Przypowieść czerpiąca z wątku weselnego została zredukowana do oczekiwania – ale też to właśnie chciał Jezus uwypuklić w przekazanym Słowie. Obserwujemy w przypowieści narastający kontrast między oczekującymi pannami. Od przygotowań, poprzez moment przyjścia, aż po nieodwracalne konsekwencje obecności lub nieobecności. Ujawnia się i nasz stan: choć należymy do jednej wspólnoty, przyjście Chrystusa ujawni pozory naszego życia, naszych oczekiwań. Przypowieść nie ma na celu nas nastraszyć, że możemy stanąć w szeregu „głupich panien”, ale wezwać do czujności, odpowiedzialności własnego życia, z dala od bezczynności. Może warto byłoby porównać się czy wręcz utożsamić z pannami głupimi dla pobudzającej refleksji, byśmy się stawali coraz bardziej podobnymi do panien mądrych. Czy nie dziwi, że liczba panien głupich i mądrych jest równa, taka sama. Może więc przypowieść wskazuje nam, że od każdego z nas zależy w którą stronę proporcje będą się przesuwały? Czy budujemy na skale, czy na piasku? Postępujemy jako mądrzy, czy niemądrzy? Baczcie więc pilnie, jak postępujecie, nie jako niemądrzy, ale jako mądrzy. Wyzyskujcie chwilę sposobną, bo dni są złe. Nie bądźcie przeto nierozsądni, lecz usiłujcie zrozumieć, co jest wolą Pana. (Ef 5, 15–17).
Zauważmy że zasnęły wszystkie oczekujące panny, mądre i głupie. Mądrość tych drugich nie polega na tym, że wiedzą, o której porze przyjdzie Oblubieniec, ale na tym, że nawet nagle zbudzone są gotowe przyjąć Go z płonącą lampą.
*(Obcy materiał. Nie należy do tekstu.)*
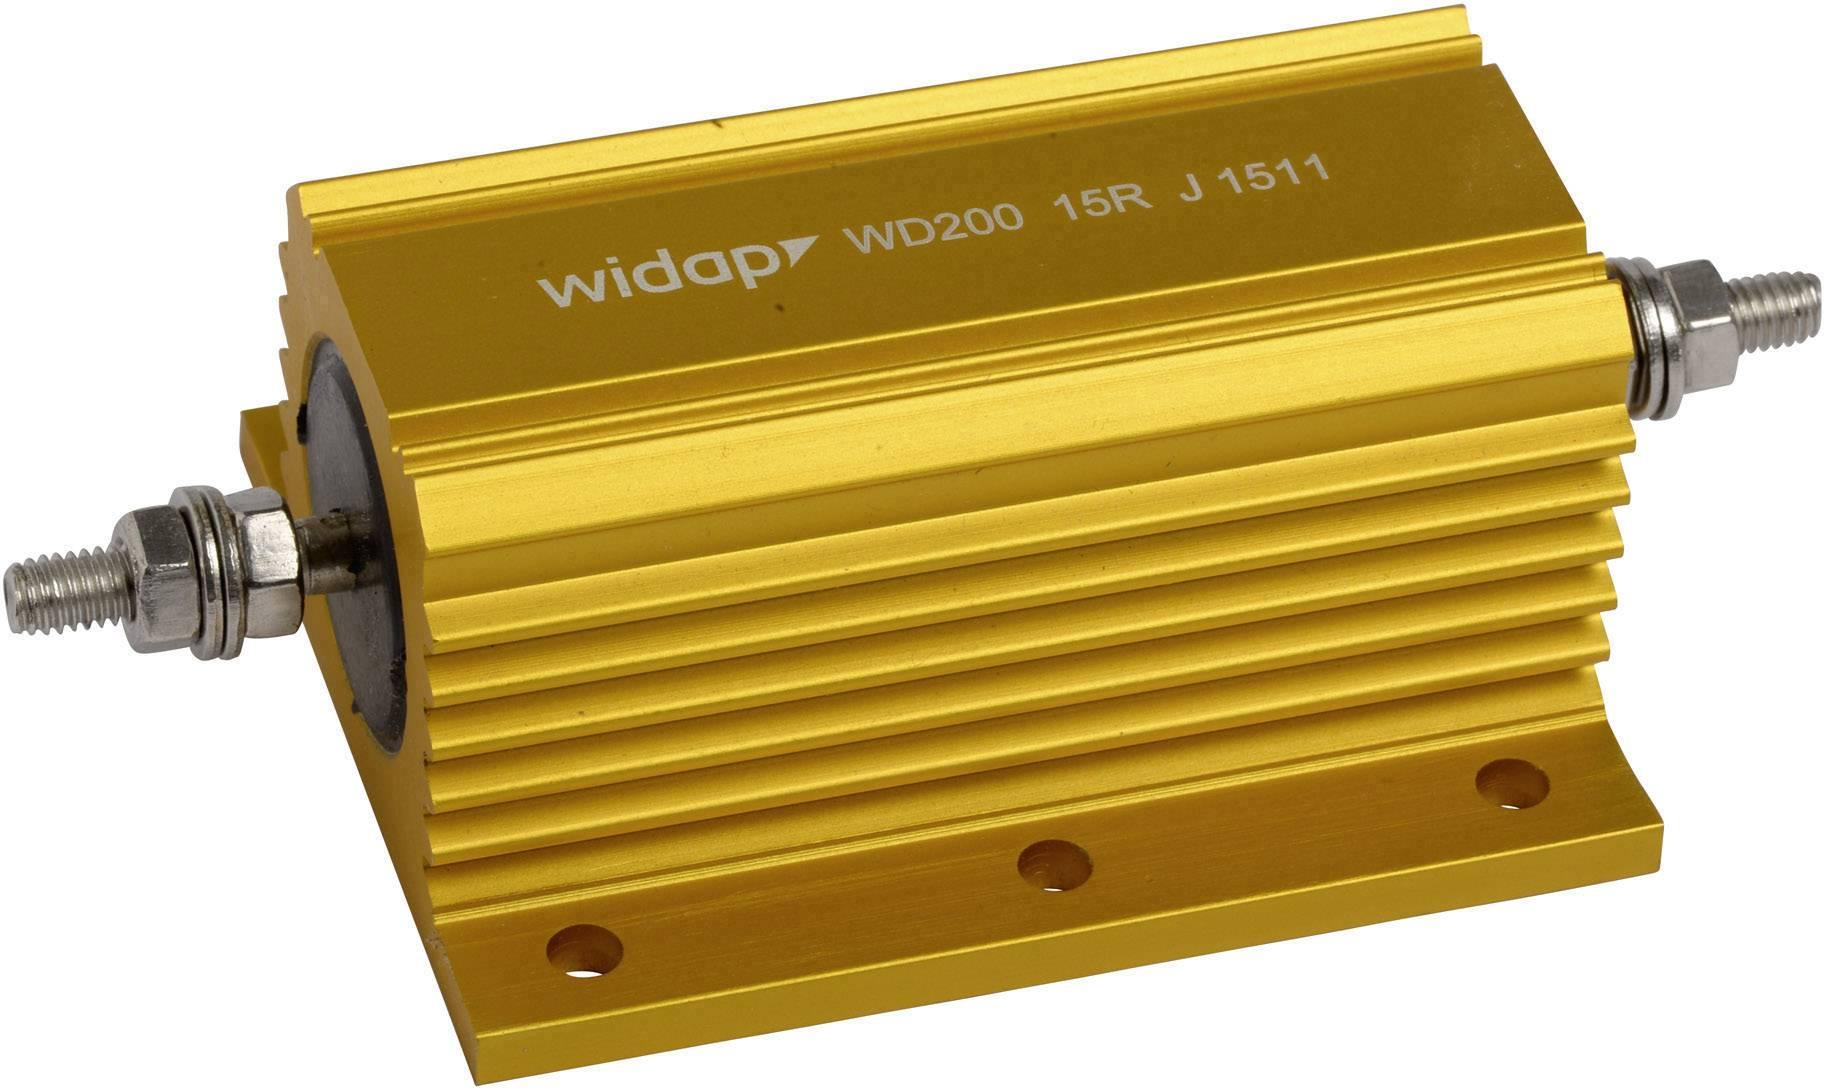 Drôtový rezistor Widap 160179, hodnota odporu 100 Ohm, 300 W, 1 ks

Ewangelia pozostawia nas w niepewności, nie wiemy kiedy nastąpi przyjście Oblubieńca. O tym wie tylko Ojciec. Do nas skierowane jest wezwanie: Czuwajcie, bo nie znacie dnia ani godziny, o której Syn Człowieczy przyjdzie. Amen.
Modlitwa:
Boże, przygotowałeś nam wieczne miasto, niebieską Jerozolimę, do której nas prowadzisz przez Jezusa Chrystusa. Obiecujesz nam w niej wieczną radość i pokój. Tęsknimy za życiem w jej murach i nad strumieniem wody żywej. Gdy nadejdzie chwila spełnienia nadziei naszej, zabierz nas, dzieci swoje, z obczyzny, z kraju pielgrzymów, do wiecznej ojczyzny zbawionych. /EM>
Zanim to uczynisz, ochraniaj Kościół swój na ziemi, obdarz go świętością, zachowaj w prawdzie. Błogosław pasterzom Ludu Twojego i utwierdź dzieło ich posługi.
Dobry Boże i Ojcze łaskawy, wysłuchaj nas w Duchu Świętym przez Jezusa Chrystusa, Pana i Zbawiciela naszego. Amen.
+++
(Kazanie wygłoszone przez ks. Waldemara Wunsza, wikariusza Parafii Ewangelicko-Augsburskiej Świętej Trójcy w Warszawie w kaplicy EOD Tabita w Konstancinie Jeziornie i parafialnym kościele Świętej Trójcy)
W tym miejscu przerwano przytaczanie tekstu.